We have a few days before we have to move and leave this house behind. I can't get my mind around the enormity of that reality that is looming so close. What I'd really like to do is pack up my mind and move and leave Chris Ropes behind and just be someone, anyone, else.
Ohhhh Sweety!!! I know how you feel, you've been telling about it! And I know the feeling you describe myself not as deep or extreme as you do have to cope with but I think I can honestly say, that YOU WILL get through this and that YOU ARE STRONG! The trouble is that when you are at that mindset there is nothing which can make you see that all yourself! You are trapped in this mindset until it get's better! As long as I know you, you always have given your best! It's not your fault, that your condition is holding you back from being the man you would like to be! You are fighting so hard to overcome your depression and conditions and you made such a massive progress! And yes, I'm proud of you - VERY VERY PROUD!!! In a few days, when all this is over you'll be able to relax for the first time in months and you will feel better step by step and carry on the big fight to improve your health! I Love you and I will always support you the best I can!!!! I KNOW YOU WILL GET THROUGH THIS!!!!

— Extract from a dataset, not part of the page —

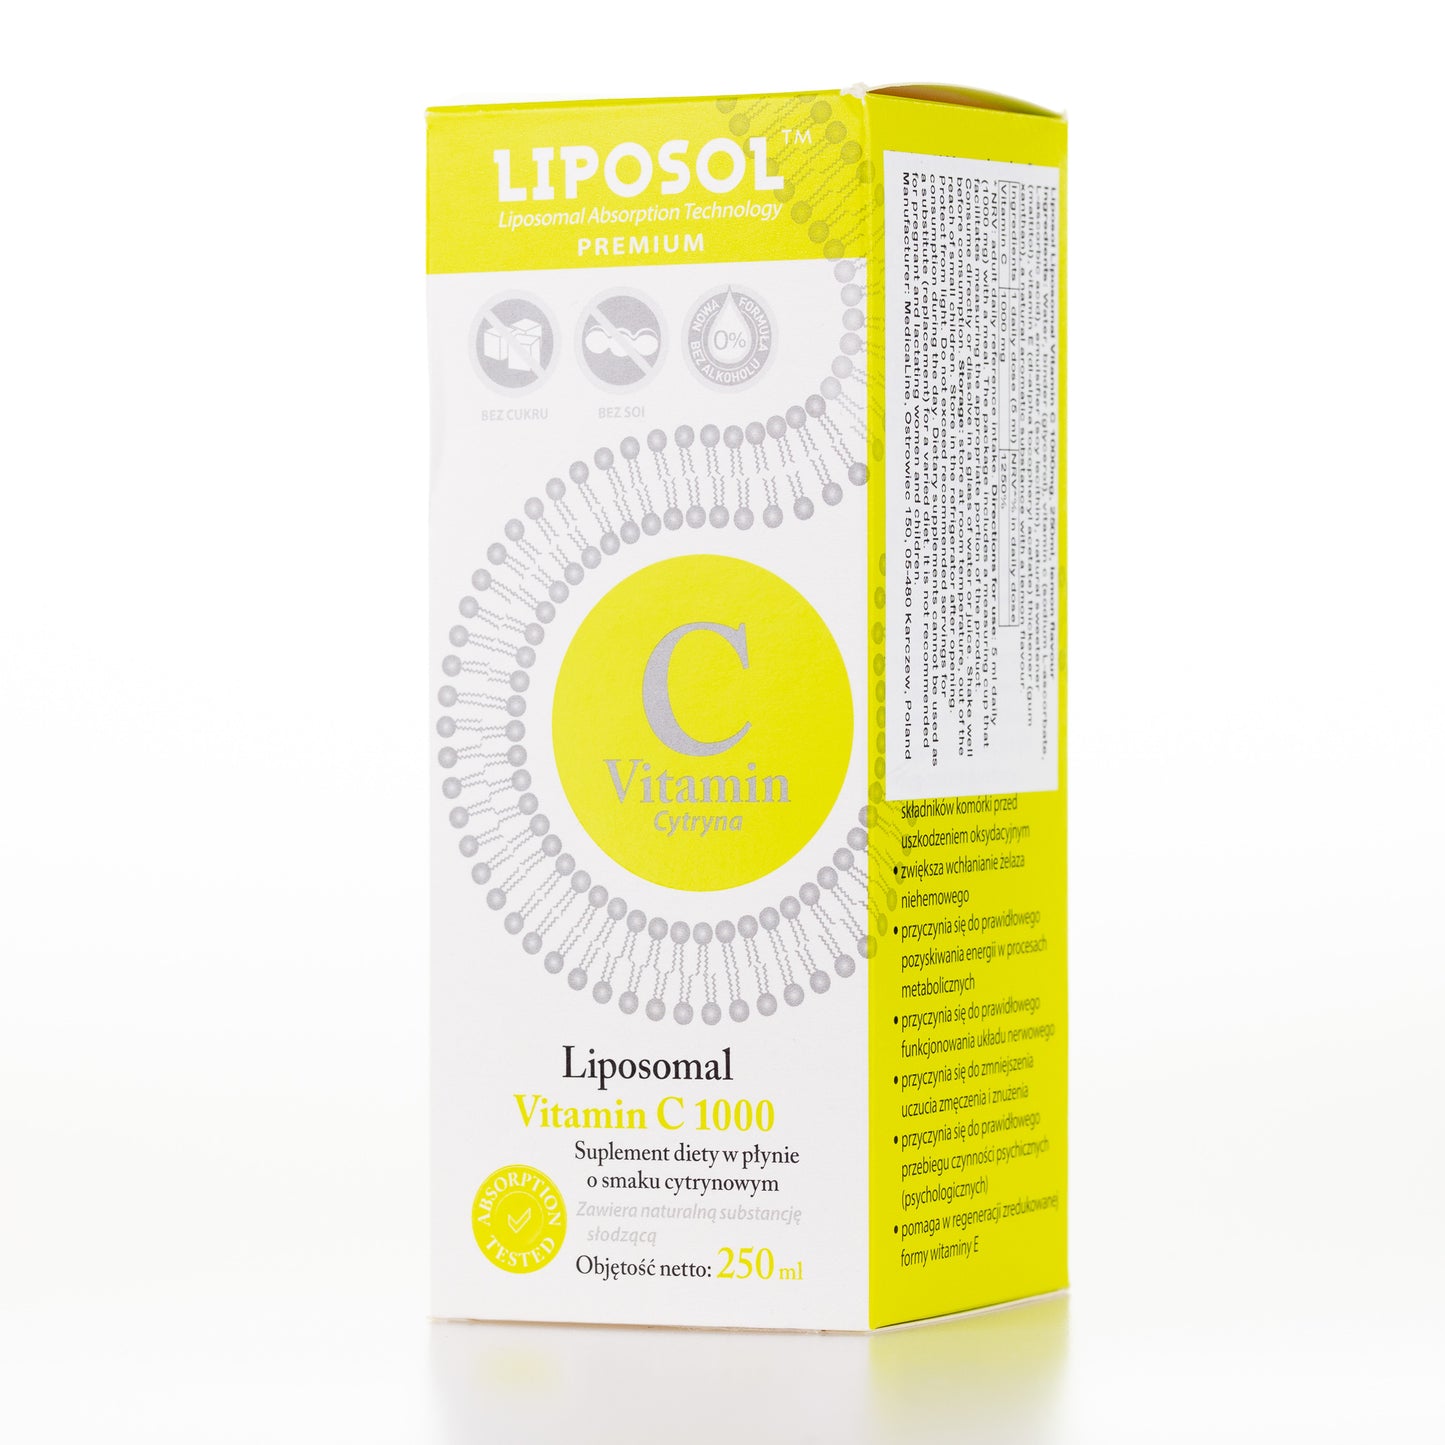 Liposol, Liposomal Vitamin C 1000mg, 250ml, lemon flavour, Liposol, Aliness

ReplyDeleteI have found that the key impact of my depression is my skewed perspective. For example this statement:
ReplyDelete"I have people who care a great deal about me and that means a lot. But I so frequently have nothing to offer them. I don't feel like I bring anything to the table."
While im sure that from your perspective it is true, it is actually false on its face. In just about any conversation you bring a brilliance and insight that is very rare in this world.
The best thing i do for my depression is try to stay aware that my brain lies to me all the time, and while that doesn't change my perspective or feeling it does help not make it the basis for my actions.